Последнюю попытку отстоять независимость государства, как свидетельствуют венгерские источники, предпринял хорватский король Петр, который безуспешно сопротивлялся в 1102 г. войску венгерского короля Кальмана, в том же году короновавшегося хорватской короной. Хорватская знать была включена в феодальную иерархию Венгерского государства, но сохранила свои позиции на хорватских территориях. Поэтому дальнейшее развитие феодального порядка в Хорватии в рамках Королевства Венгрии определялось междоусобной борьбой хорватской знати за земли и влияние.



Глава седьмаяГорода-коммуны далматинского побережья(VII — середина ХIII в.)(М. М. Фрейденберг, А. В. Чернышов)

История раннесредневековой государственности на Балканах неполна без истории городов Адриатического побережья полуострова. Здесь целая россыпь городских центров: в Истрии (Пула, Пореч, Риека), в Далмации (Задар, Дубровник, Сплит); на так называемом Черногорском Приморье (Котор, Будва, Улцинь); наконец, в Албании (Влора — Валона, Дуррес — Диррахий, Драч). Многие из них были коммунами, а Дубровник самостоятельным государством — Дубровницкой республикой. История местных городов представляет интерес для истории балканской государственности в нескольких отношениях.

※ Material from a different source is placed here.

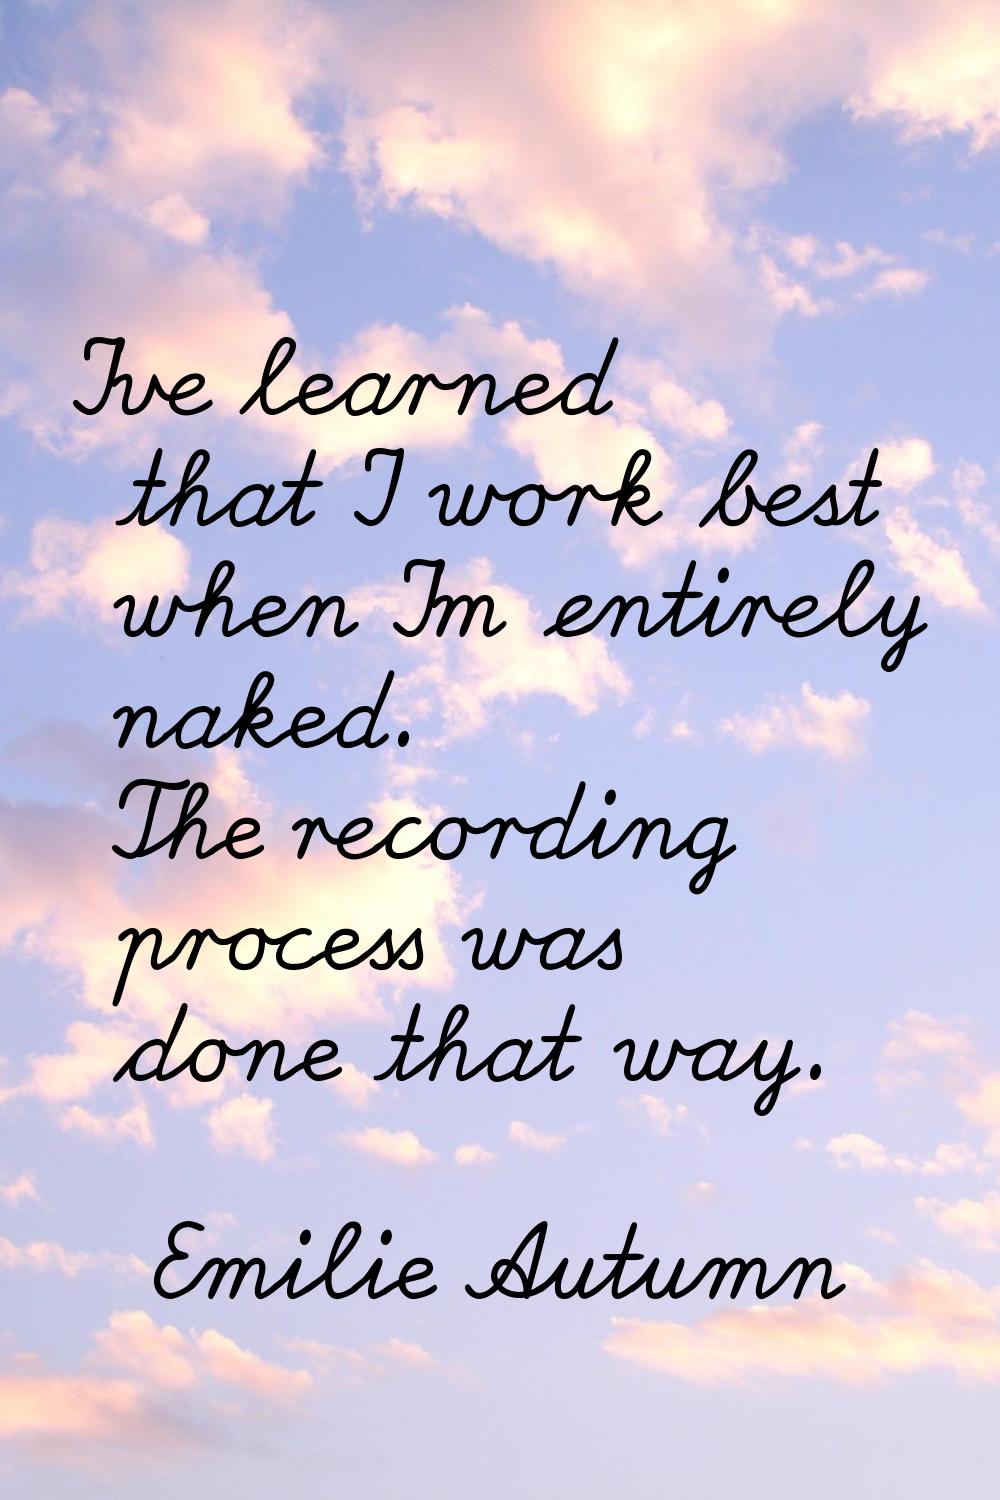 I've learned that I work best when I'm entirely naked. The recording process was done that way.

Прежде всего потому, что опыт, накопленный городами в административной, правовой и дипломатической областях, активно использовался другими балканскими государствами. Такова, например, роль городов с далматинского побережья — Задара, Дубровника, Сплита, Трогира. Это было реальное взаимодействие в рамках средневековой эпохи. Однако сочетание понятий «далматинский город» и «балканское государство» важно для исследователя еще и потому, что, реконструируя, например, исчезнувший облик Боснийского государства, он не может игнорировать развитие средневекового Дубровника, особенности его предгосударственной и государственной истории. Хотя в рассматриваемый период ни один из этих городов не стал в полном смысле государственным организмом, они постепенно обретали элементы административной (правовой, судебной) структуры, которые составили фундамент будущей государственной системы. Изучение этих элементов способно пролить дополнительный свет на пути развития политической жизни в разных регионах Балкан и на полуострове в целом. Особый интерес представляет также изучение той общности, того социума, который обычно именуется городской общиной. Ее характерные черты весьма многообразны. Определяющее значение имели ее внутренние социальные связи, ее потенции для последующего государственного развития. Наличие каналов связи с местной округой позволяло городской общине восполнять свои демографические потери, а ее сплоченность — совершать первые акции в пользу города, оборонять его, строить укрепления и т. п. Экономическая устойчивость города определялась наличием у него собственной хозяйственной базы. Возможно, обособленность городского социума отразилась и в сфере сознания, позволяя горожанам ощущать себя выше поселян округи и на этом основании претендовать на верховенство над ними.

При подходе к истории города как политической структуры закономерно выяснение взаимоотношений между ним и теми государственными образованиями, в состав которых он (формально или по существу) входил. Не исключено, что по отношению к континентальным городам, теснее связанным с Хорватским, Сербским или Боснийским государствами, либо для сравнительно более позднего времени, когда начался процесс централизации, подобного рода анализ может привести к важным научным наблюдениям. Для далматинских же городов, находившихся «на отшибе», и для столь ранней эпохи исследование названного вопроса мало перспективно, и он затрагивается в данной главе лишь попутно.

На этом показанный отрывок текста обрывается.